Dig Baton Rouge

Moon Taxi

By Katie Andress

Moon Taxi traveled through the Baton Rouge area last week to give an amazing performance for their local fans, old and new. The Nashville natives, who are known for their live shows, definitely lived up to their reputation with pulsating instrumental breaks and matching lighting effects. The seasoned performers have been featured on The Late Show with David Letterman and Conan, as well as performing at Bonnaroo and Wakarusa. They are also scheduled to attend Lollapolooza and Austin City Limits later this year.

The band opened with Pink Floyd’s, “Brick in the Wall,” which instantly grasped the audience’s attention and sustained it throughout the night. The crowd immediately started singing along with Trevor Terndrup, lead singer for Moon Taxi, and never stopped. “All Day and All Night,” from Moon Taxi’s third album, Daybreaker, was next. Its catchy lyrics and upbeat melody, like many of the other songs in Moon Taxi’s set, kept the crowd engaged throughout the night. Long instrumental solos from drummer, Tyler Ritter, and guitar player, Spencer Thomson, drove the crowd wild and took us on a rollercoaster journey of sound with constant pulsating rhythms.

The next song, “River Water,” from the group’s Mountains Beaches Cities album, slowed things down a bit and took the crowd to a night on the river bank. The green and blue lights gave the feel of an actual river side party. Everyone was singing and “dancing in the river water,” as the titled lyric goes. The repetitive nature of the song had a calming effect on the crowd, until the instrumental bridge that brought it up again. These instrumental bridges were a constant theme throughout the show, which kept the crowd engaged and interactive throughout the set. A great example of one of those interactive songs was “Whiskey Sunset,” from Moon Taxi’s debut album, Cabaret. The crowd knew instantly which song was playing before any of the lyrics were ever sung.

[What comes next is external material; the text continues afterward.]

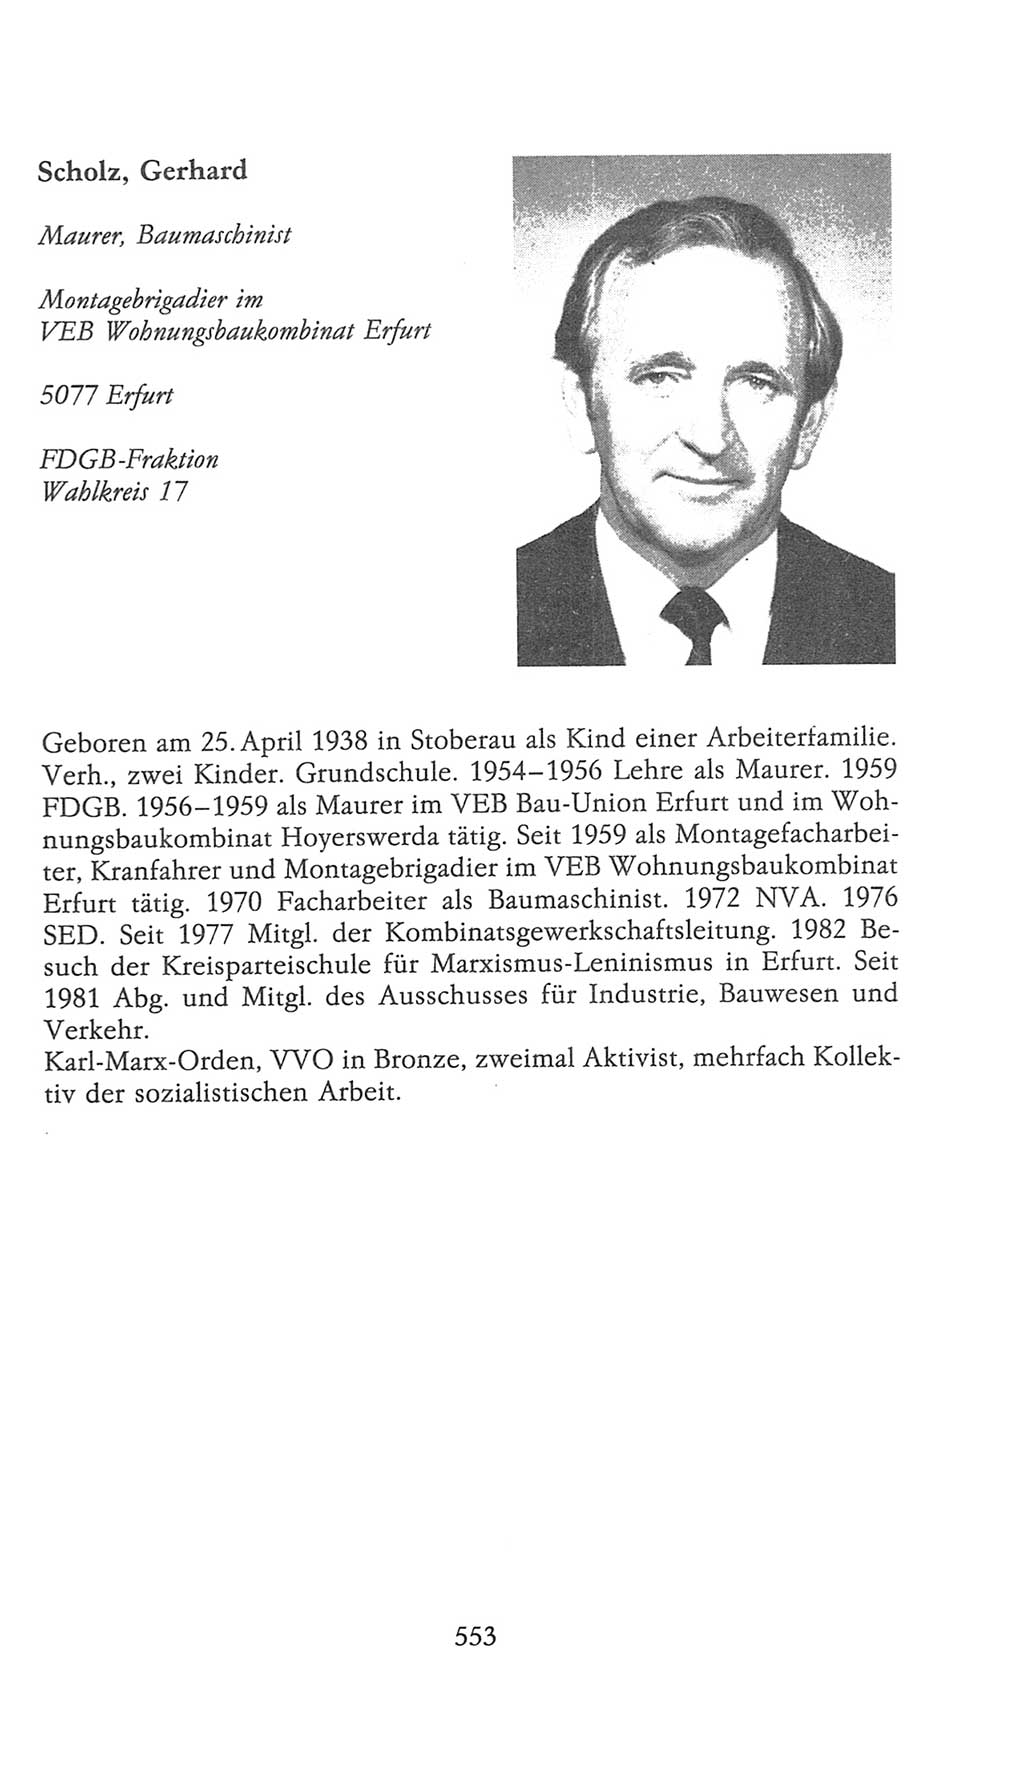 Volkskammer (VK) der Deutschen Demokratischen Republik (DDR), 9. Wahlperiode 1986-1990, Seite 553 (VK. DDR 9. WP. 1986-1990, S. 553)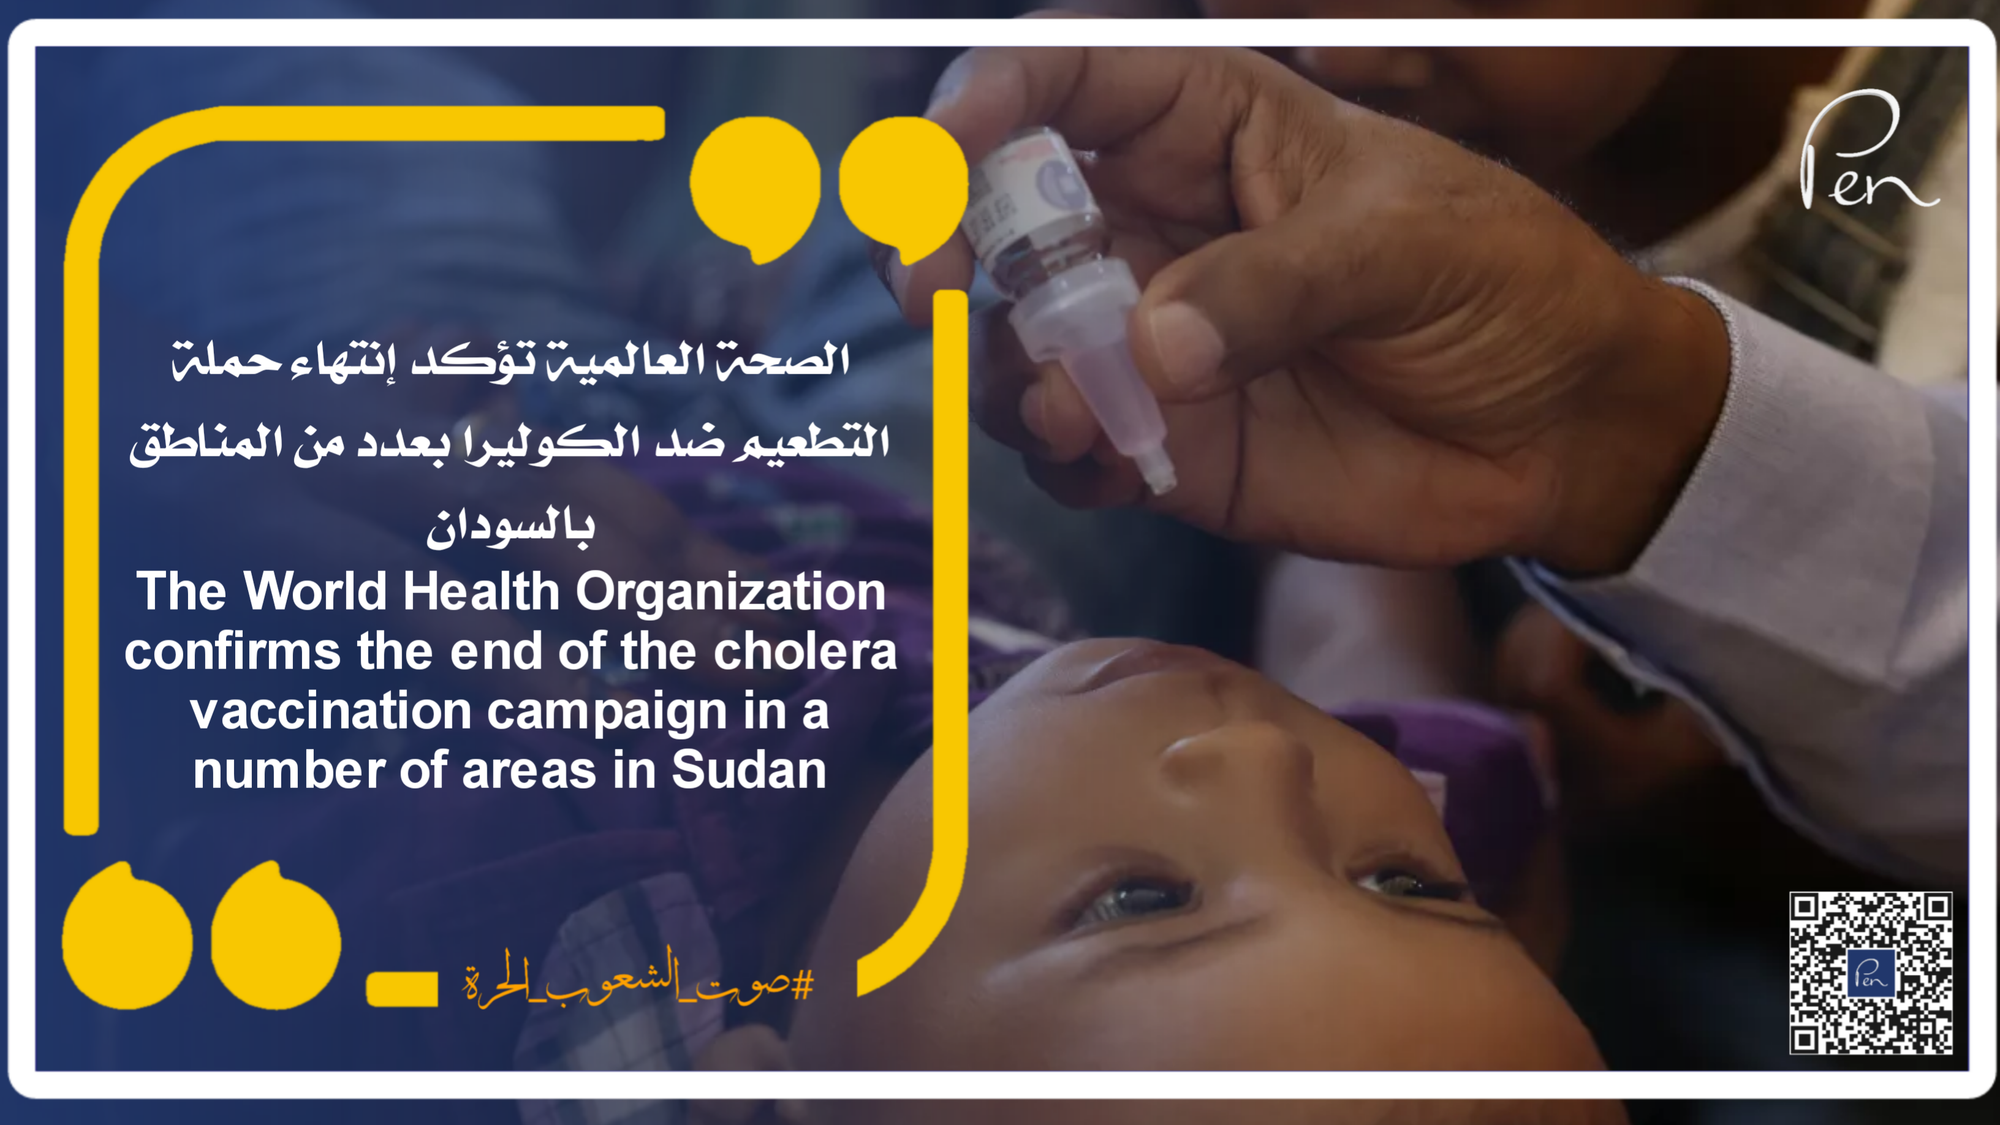 الصحة العالمية تؤكد إنتهاء حملة التطعيم ضد الكوليرا بعدد من المناطق بالسودان

Moon Taxi is set to release their third album, Daybreaker, in early October during its run through the Austin City Limits music festival. This album is especially different for the band because it’s the first time all five members of the band were in studio, performing as a whole, as opposed to self-producing pieces of songs at home. This new process gives “an old school feel to the album,” said Wes Bailey, keyboard player, in an interview with DIG. “It felt like it was from the 70’s and was a very cool, kind of old school approach.” Bailey went on to say that the group wanted to do something really different and special for this new album. “We wanted something that represented our live show a little more,” said Bailey, and showcases the sheer talent that this group of five musicians actually has. These guys can actually play music and do not solely rely on synthetics and special vocal effects to make their songs unique; the songs speak for themselves, which is something Bailey hoped his audience would take away from the show. He also stated that the new album represented a new chapter in their constantly evolving story to be shared with their fans. “’Year Zero,’ the first track, represents the beginning of a new day. Then All Day and All Night is sort of living in it and ‘Rooftops,’ the last song, is sort of a lullaby. It sort of puts you back down to sleep,” said Bailey, “If you were to start the album over, it’d be like waking up again, like a day break.”